Exercise directions. Would you retype the listing below word for word, without any of its pictures?

Source material.

━━━━━━━━━━

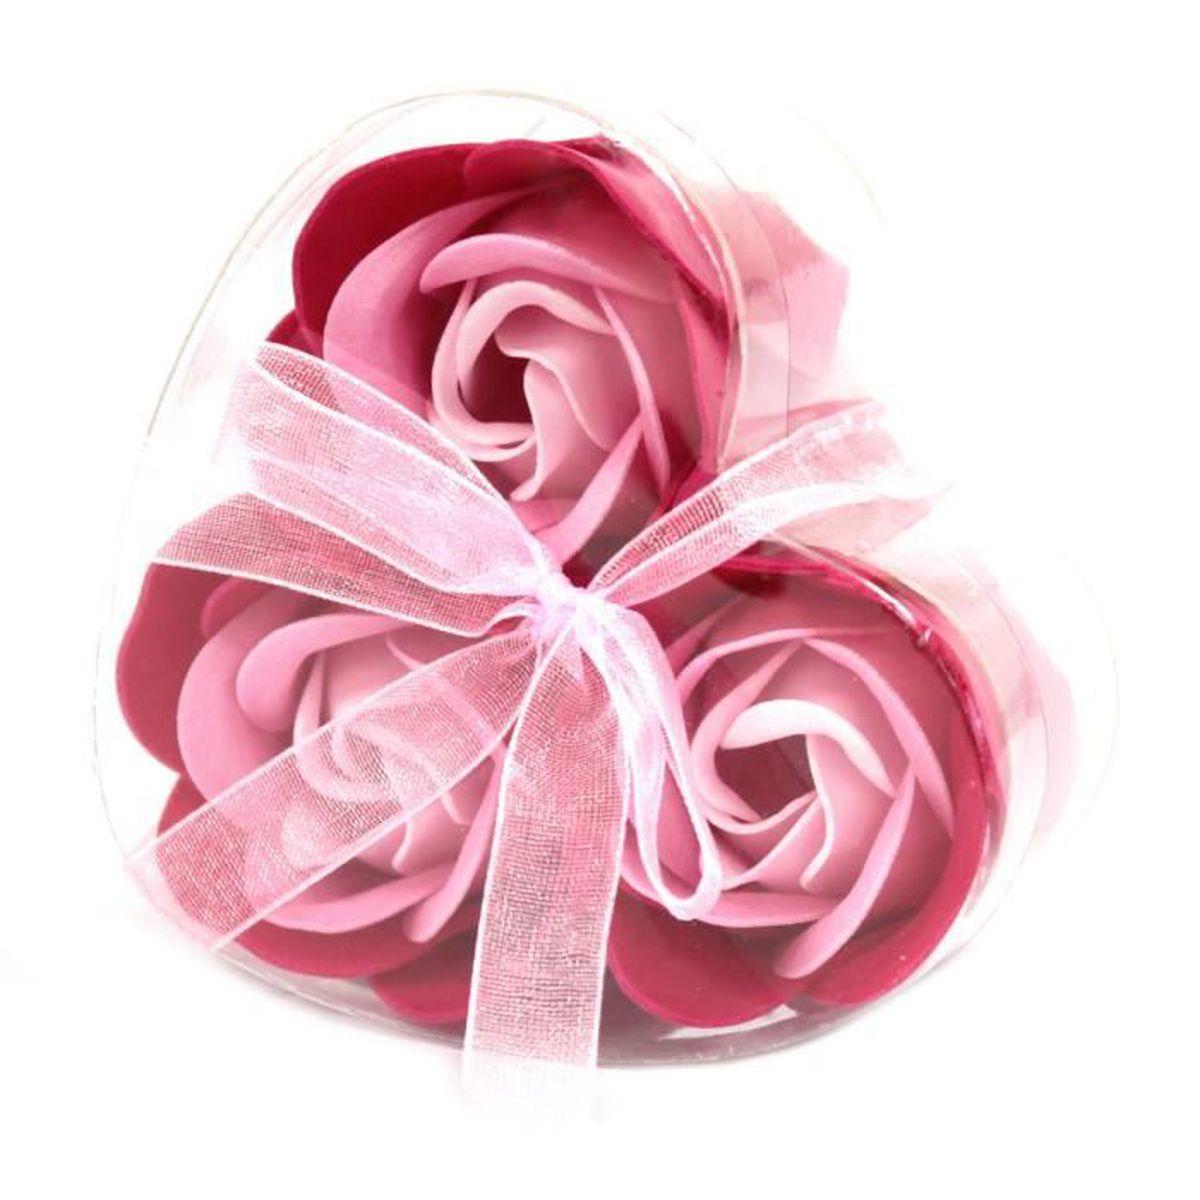 SAVON - SYNDETS Lot de 3 Roses de Savon Boite Coeur - Rose
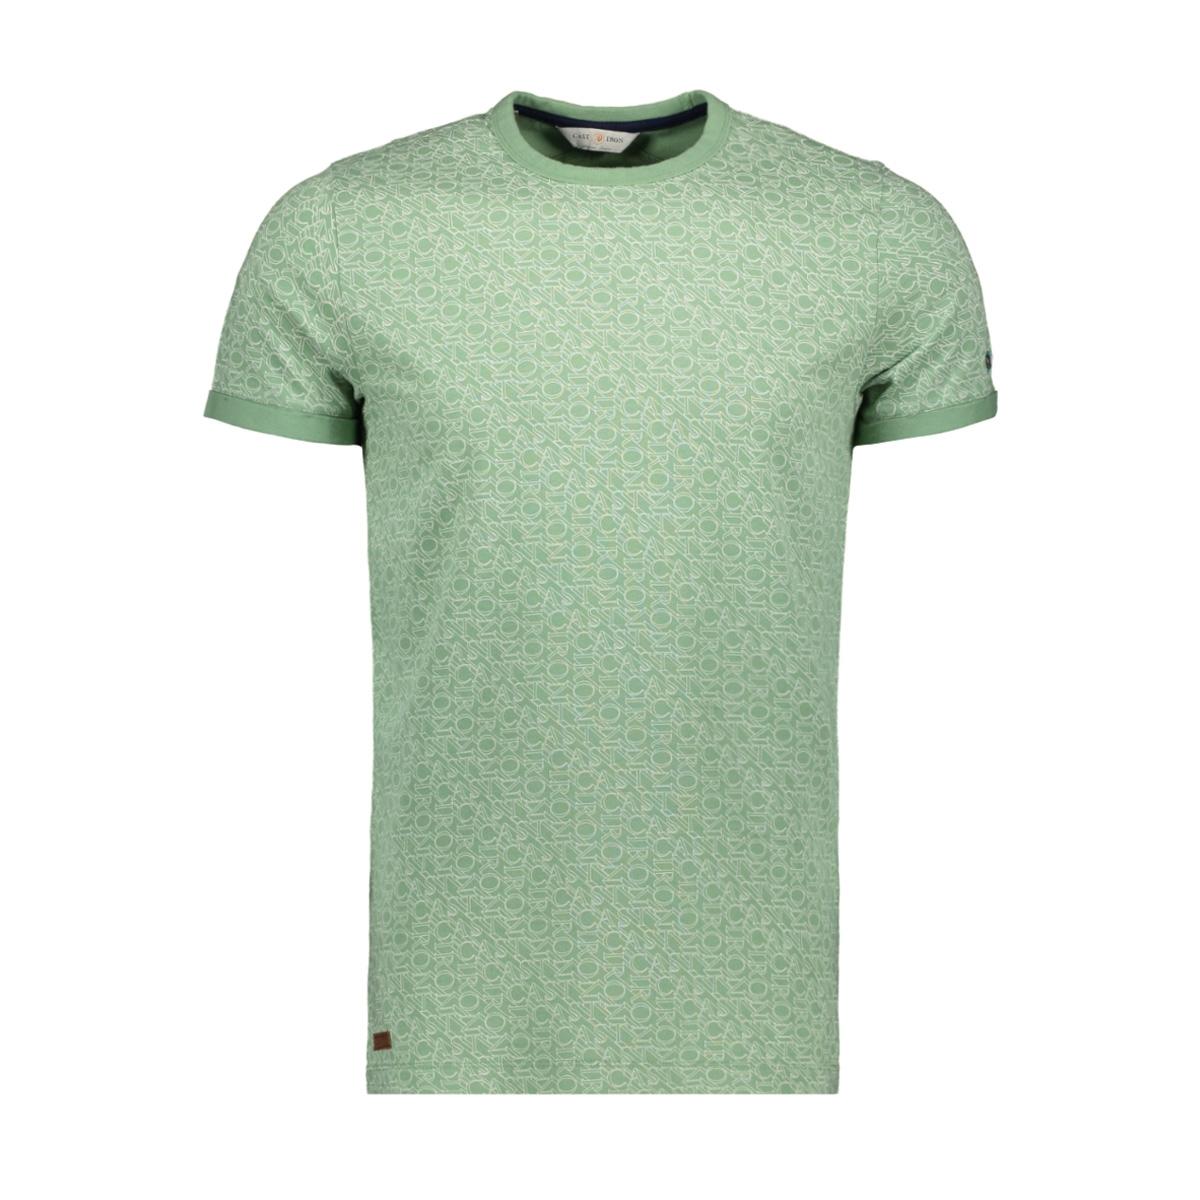 logo text all over print t shirt ctss193312 cast iron t-shirt 6186
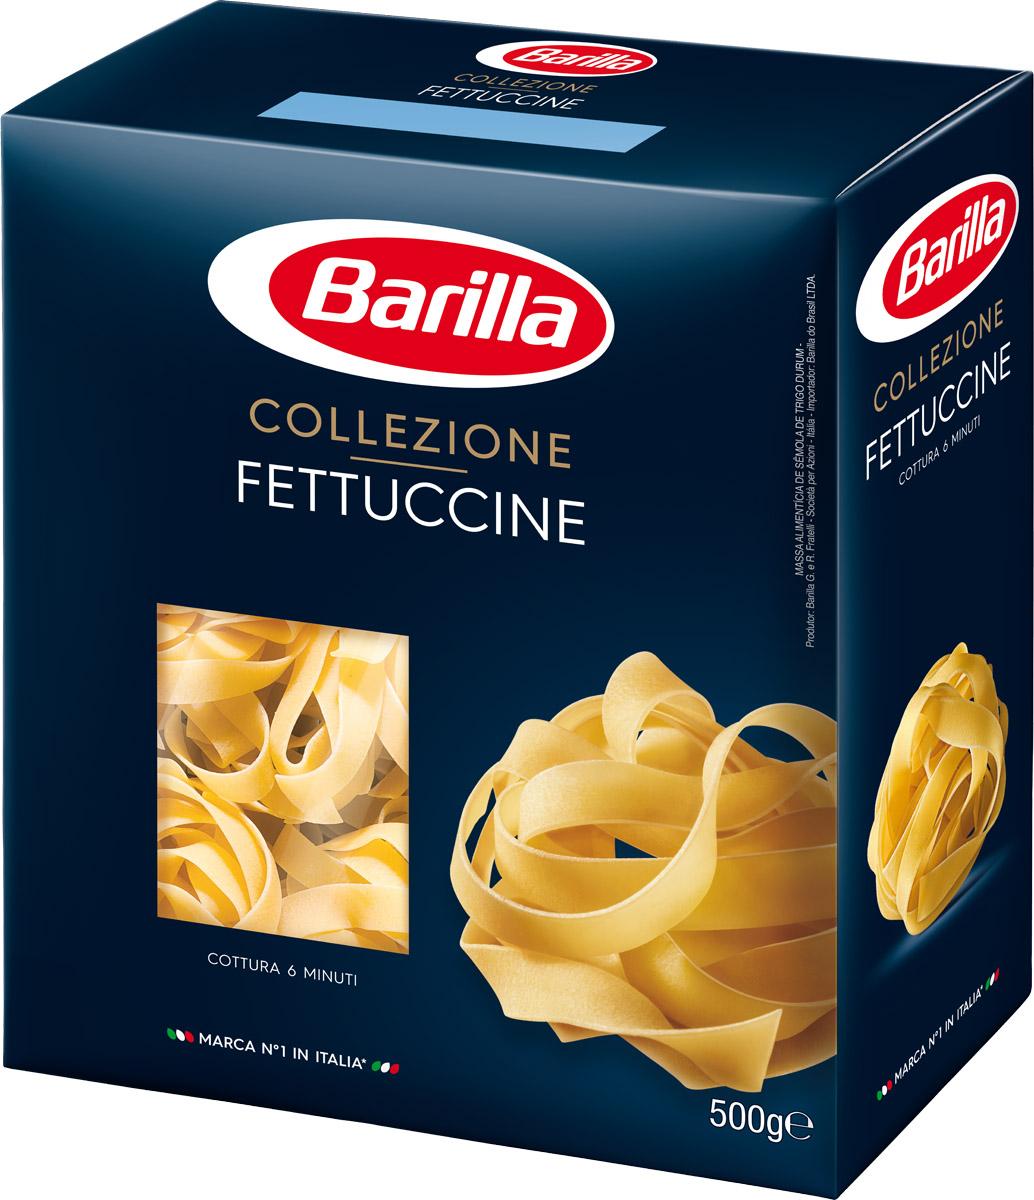 Barilla Fettuccine паста феттучине, 500 г8076809523776Паста занимает главное место в итальянской культуре еды. Учитывая трепетное отношение итальянцев к еде, нетрудно представить, какое значение они придают качеству ингредиентов, правильной рецептуре и процессу приготовления пасты. Внедряя инновации в процесс производства, Barilla твердо придерживается традиционной рецептуры и чрезвычайно требовательна в подборе ингредиентов. Будучи крупнейшим в мире покупателем пшеницы твердых сортов, Barilla работает с фермерами и поставщиками семян напрямую, контролируя не только качество посевного материала, но и отслеживая, как растят пшеницу и чем ее удобряют. Контролируется и процесс доставки. Миллионы семей во всем мире могут быть уверены, что паста из синей упаковки с хорошо знакомым им логотипом - самая настоящая, итальянская, высочайшего качества. Ни в одном из продуктов Barilla нет искусственных красителей, загустителей, консервантов и генномодифицированных продуктов.Уважаемые клиенты! Обращаем ваше внимание на то, что упаковка может иметь несколько видов дизайна. Поставка осуществляется в зависимости от наличия на складе.

━━━━━━━━━━

Result for this exercise.
 SAVON - SYNDETS Lot de 3 Roses de Savon Boite Coeur - Rose
 logo text all over print t shirt ctss193312 cast iron t-shirt 6186
 Barilla Fettuccine паста феттучине, 500 г8076809523776Паста занимает главное место в итальянской культуре еды. Учитывая трепетное отношение итальянцев к еде, нетрудно представить, какое значение они придают качеству ингредиентов, правильной рецептуре и процессу приготовления пасты. Внедряя инновации в процесс производства, Barilla твердо придерживается традиционной рецептуры и чрезвычайно требовательна в подборе ингредиентов. Будучи крупнейшим в мире покупателем пшеницы твердых сортов, Barilla работает с фермерами и поставщиками семян напрямую, контролируя не только качество посевного материала, но и отслеживая, как растят пшеницу и чем ее удобряют. Контролируется и процесс доставки. Миллионы семей во всем мире могут быть уверены, что паста из синей упаковки с хорошо знакомым им логотипом - самая настоящая, итальянская, высочайшего качества. Ни в одном из продуктов Barilla нет искусственных красителей, загустителей, консервантов и генномодифицированных продуктов.Уважаемые клиенты! Обращаем ваше внимание на то, что упаковка может иметь несколько видов дизайна. Поставка осуществляется в зависимости от наличия на складе.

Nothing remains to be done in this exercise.